DATA EXTRACT -
[Start of section]
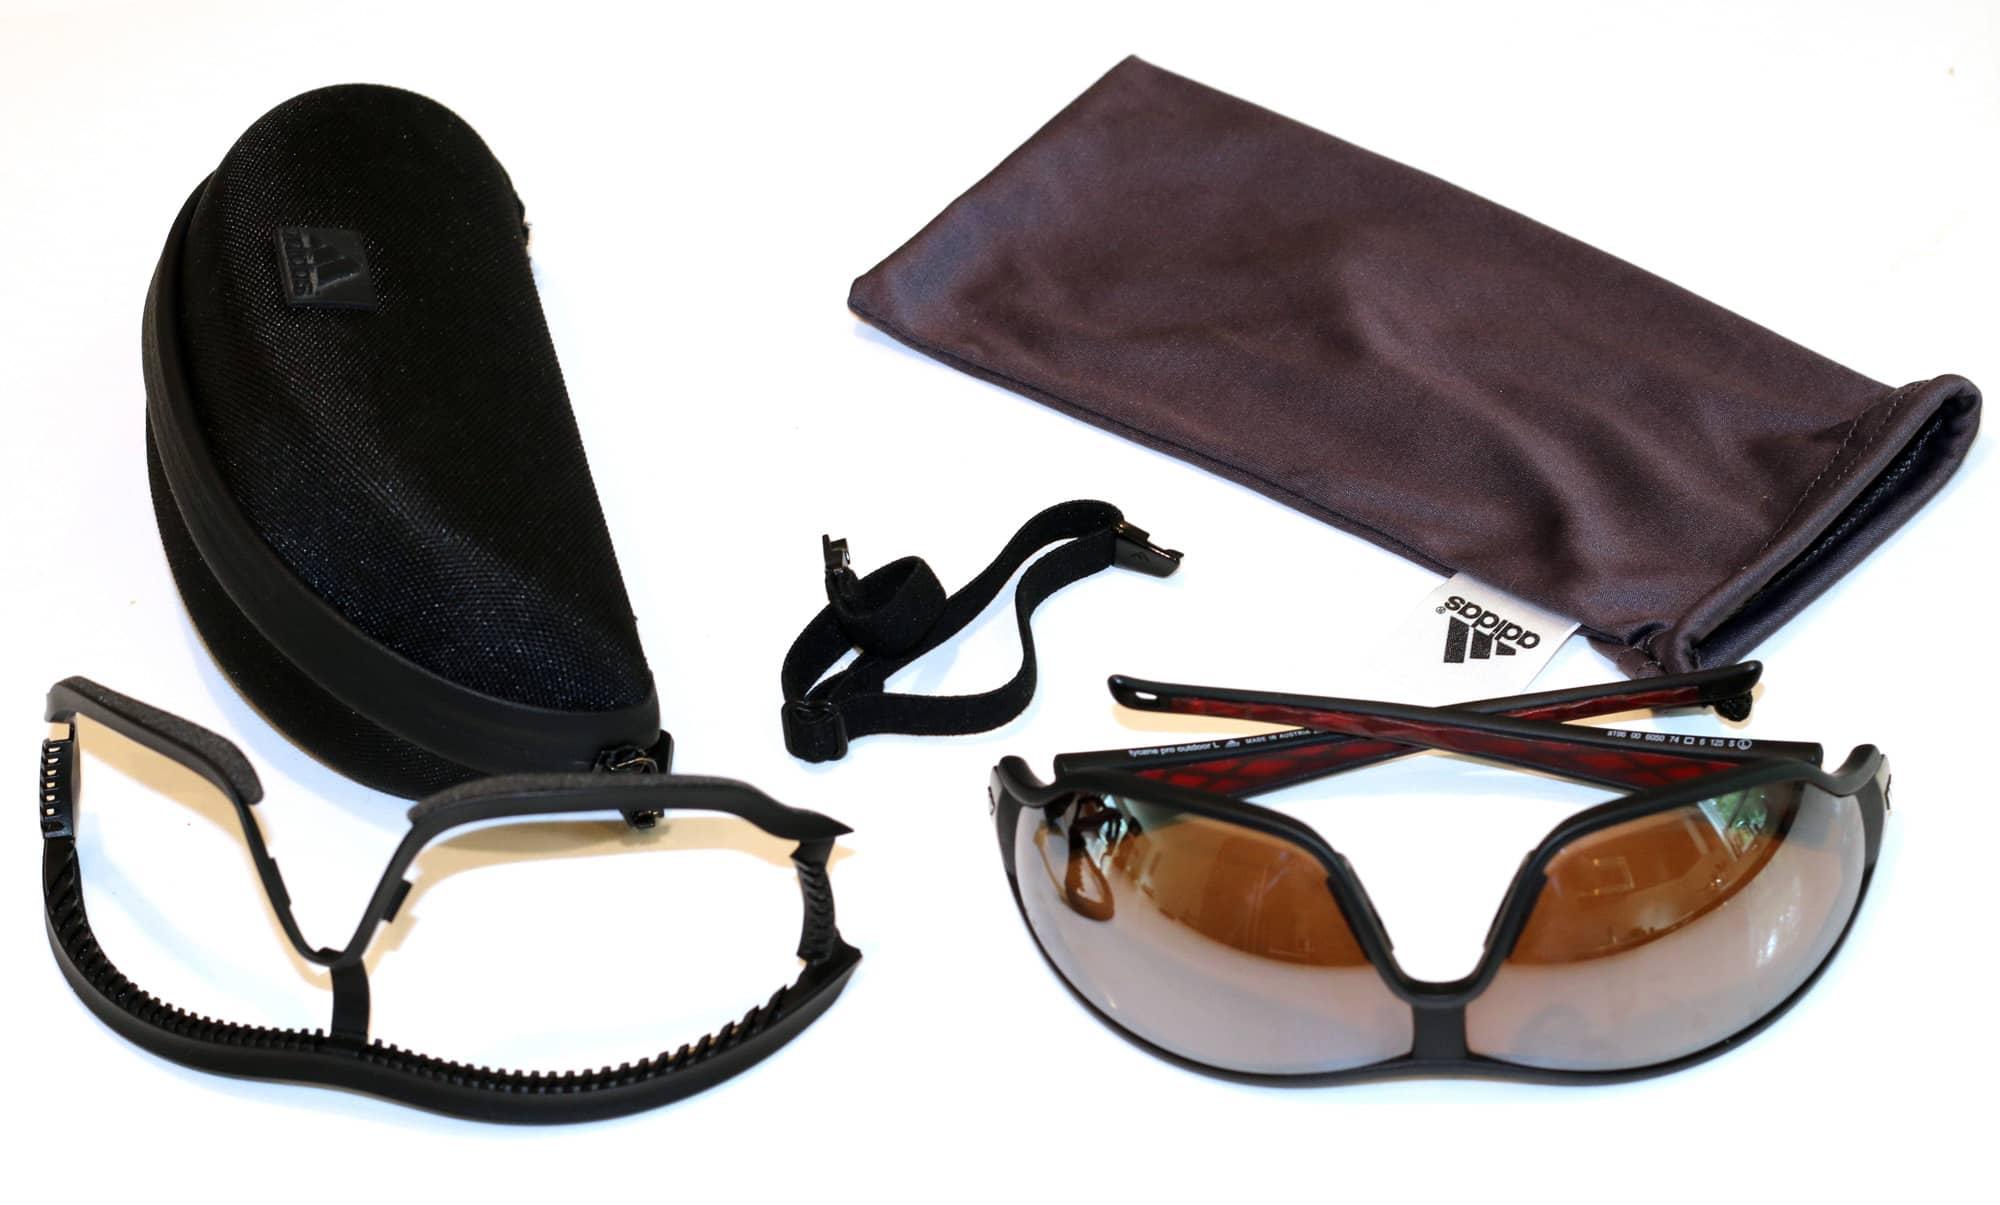 Pila de Antagonismo profundo  Review: Adidas Tycane Pro Outdoor Sunglasses - Black Sheep Adventure Sports
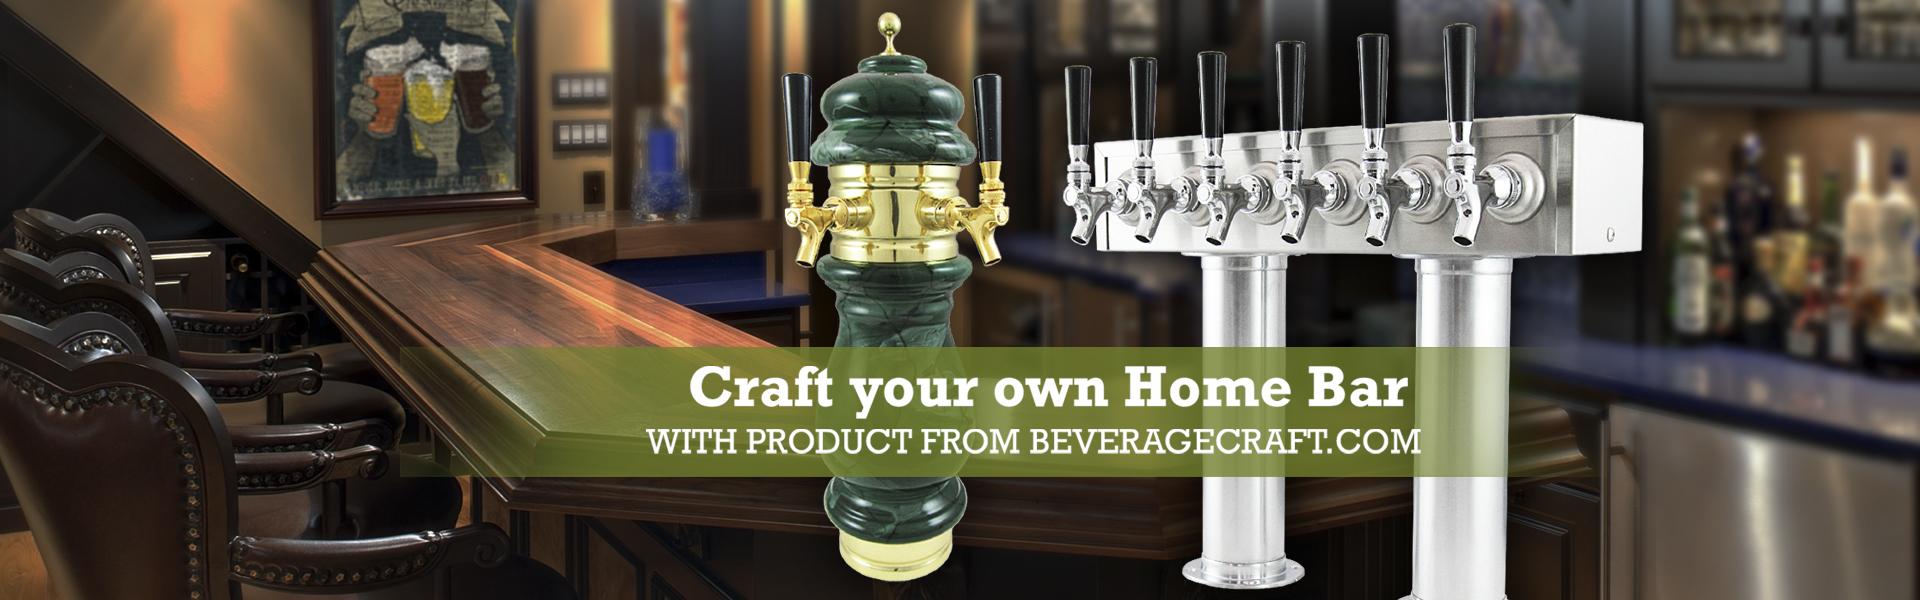 Beer Equipment Kegerators Pumps Kegs Towers Beverage Craft
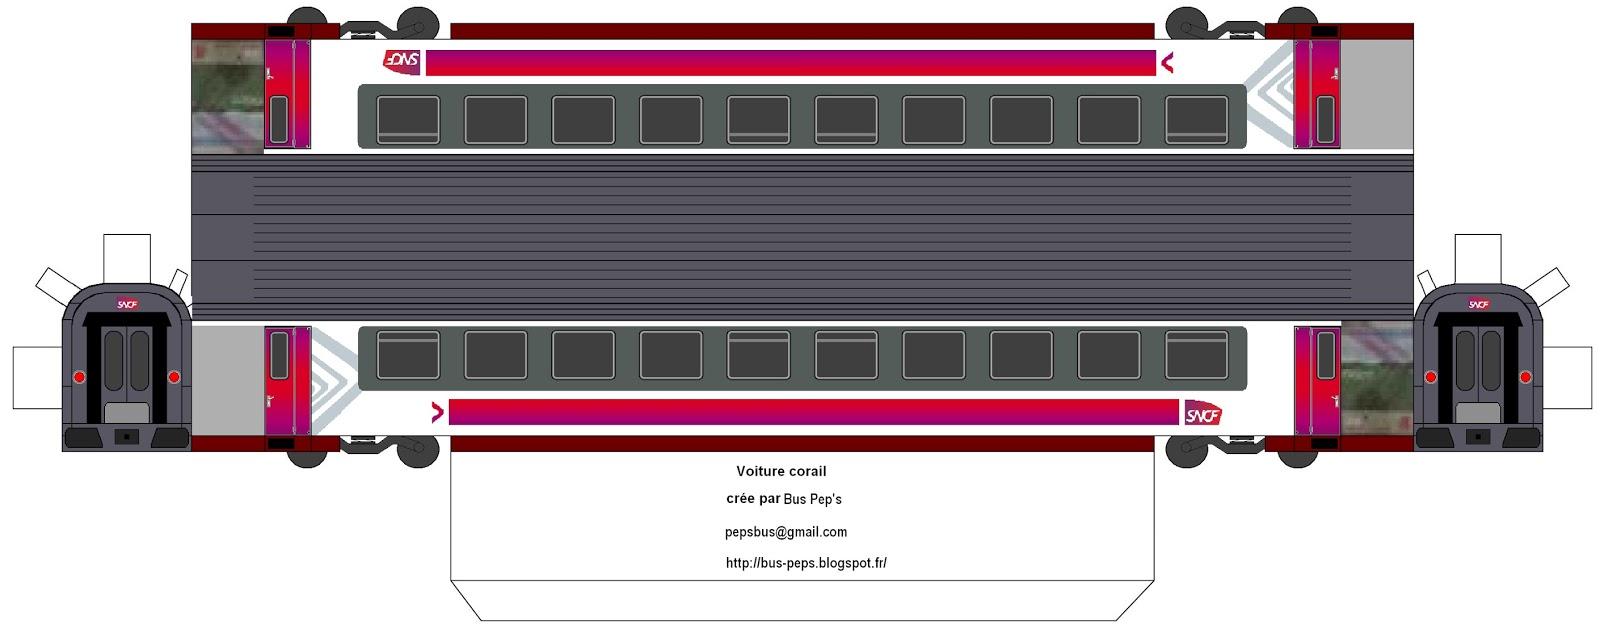 maquette papier voiture corail. Black Bedroom Furniture Sets. Home Design Ideas
[End of section]
EXERCISE DIRECTIONS - Print the listing exactly. No pictures belong in the copy.

ANSWER SECTION -
 Pila de Antagonismo profundo  Review: Adidas Tycane Pro Outdoor Sunglasses - Black Sheep Adventure Sports
 Beer Equipment Kegerators Pumps Kegs Towers Beverage Craft
 maquette papier voiture corail. Black Bedroom Furniture Sets. Home Design Ideas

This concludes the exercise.